=== Stored data ===
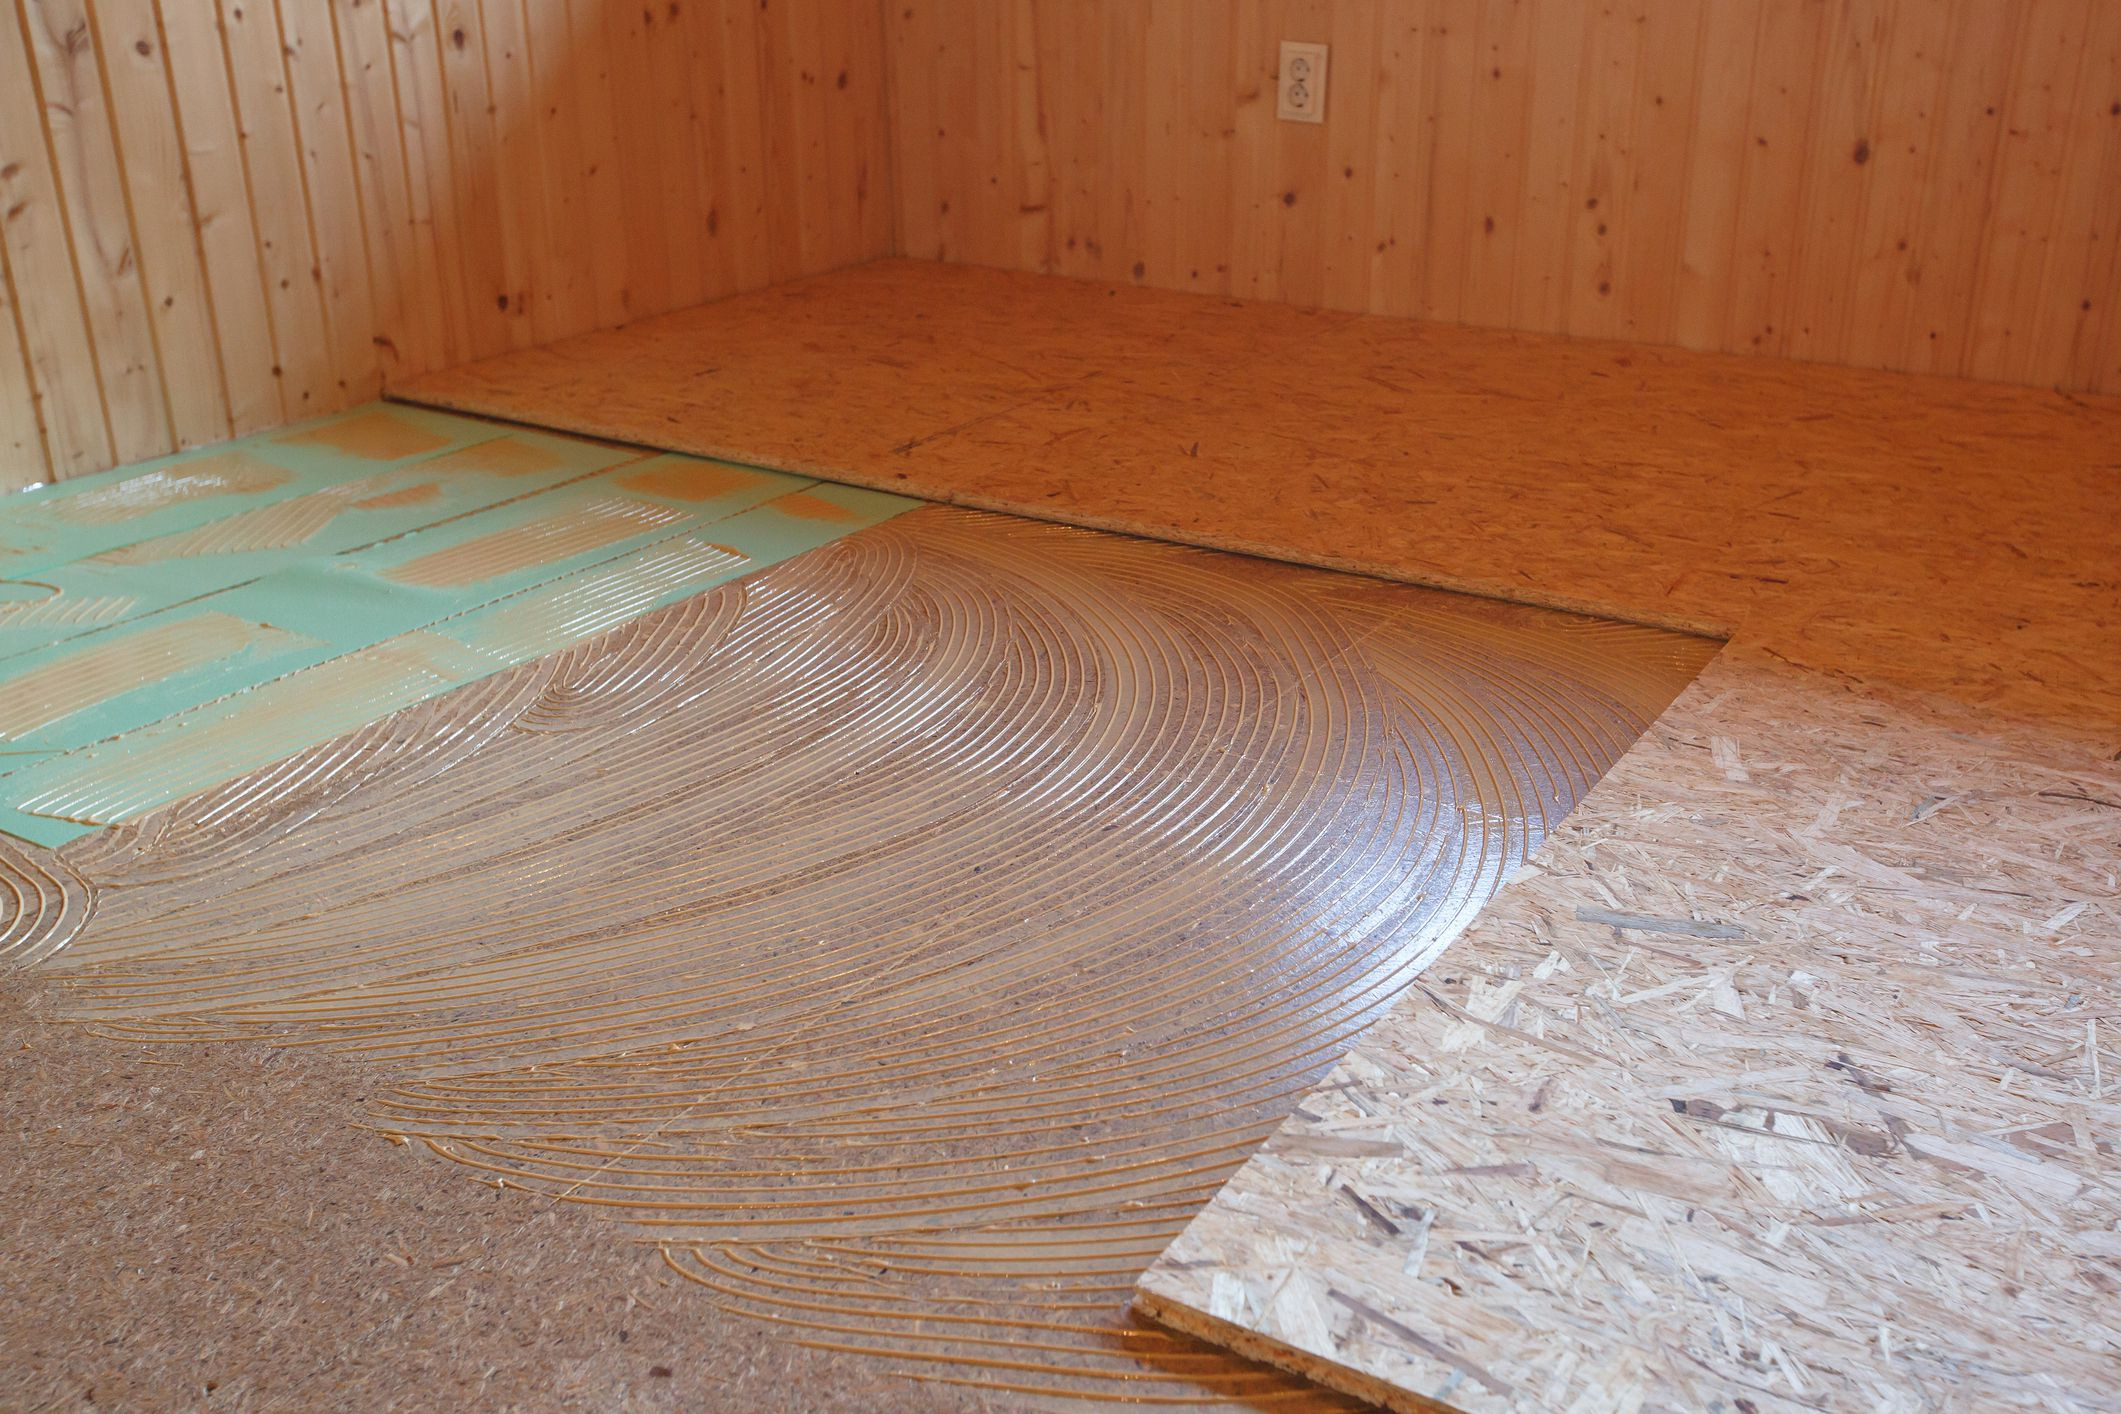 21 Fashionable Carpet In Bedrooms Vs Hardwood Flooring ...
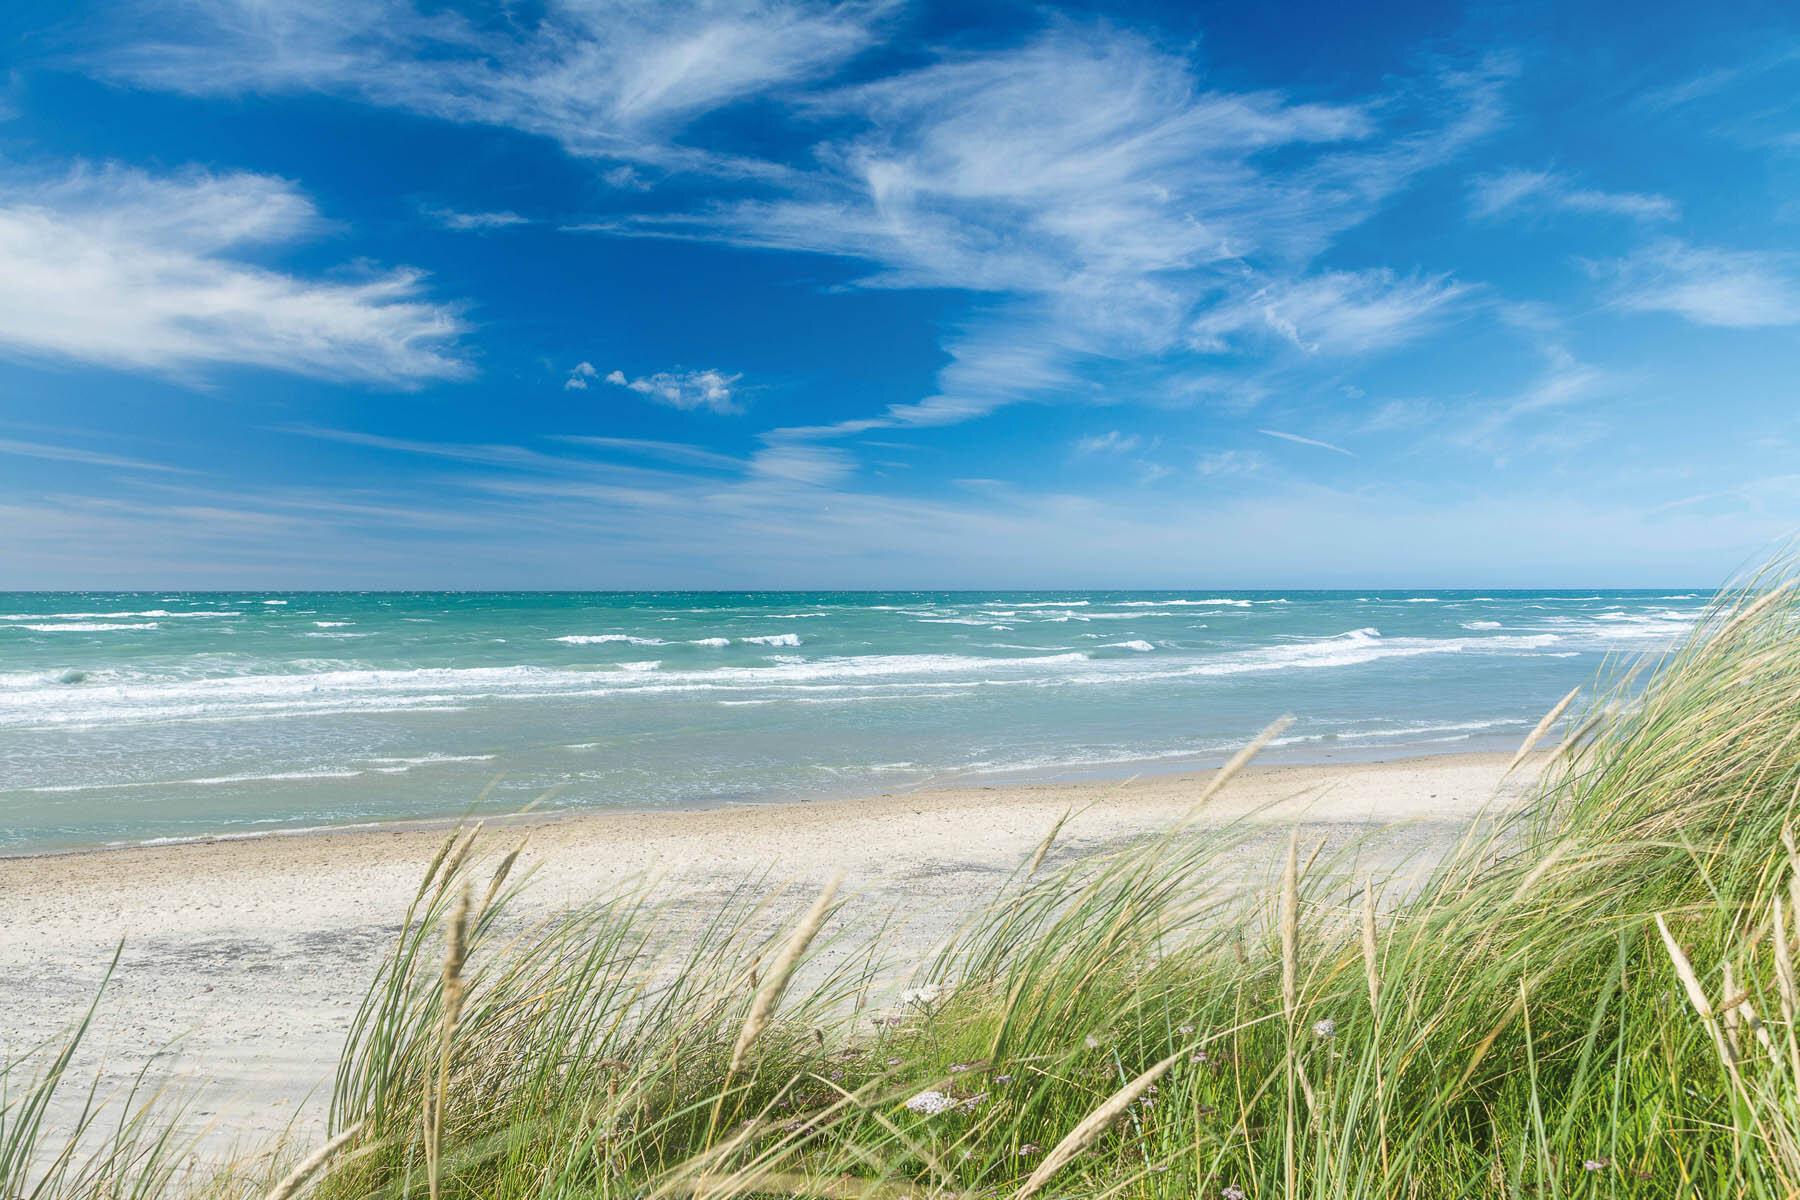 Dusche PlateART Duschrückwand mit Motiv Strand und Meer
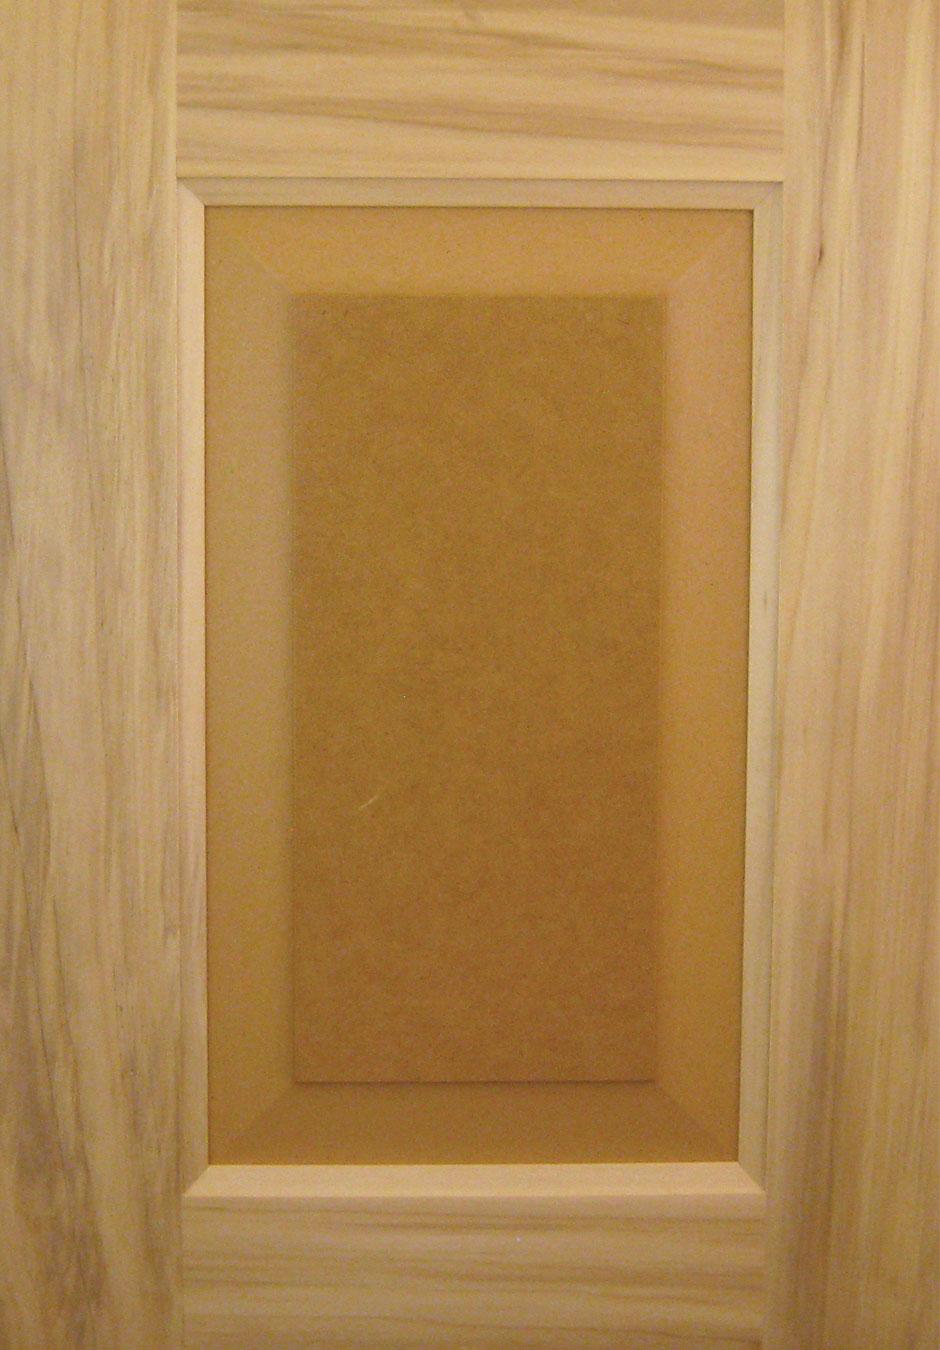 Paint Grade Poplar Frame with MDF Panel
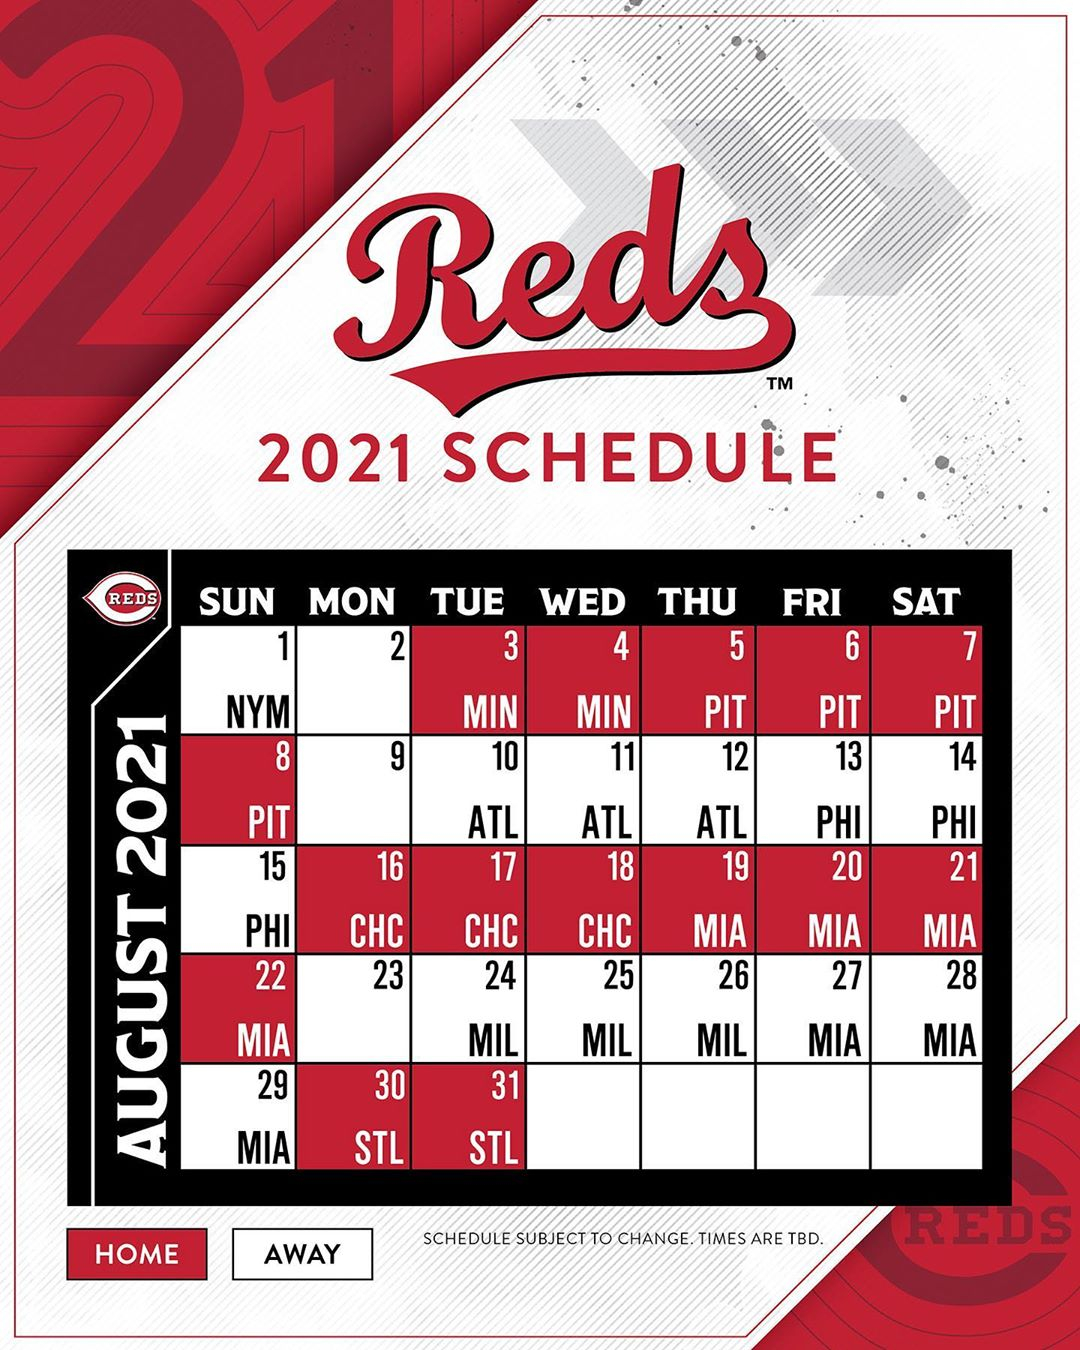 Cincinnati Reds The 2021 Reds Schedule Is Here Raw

=== Task objective ===
Your answer must be an exact copy of the lines from the line with "Paint Grade Poplar Frame with MDF Panel" to the final line of the data, both ends included, and no pictures.

=== Result ===
 Paint Grade Poplar Frame with MDF Panel
 Cincinnati Reds The 2021 Reds Schedule Is Here Raw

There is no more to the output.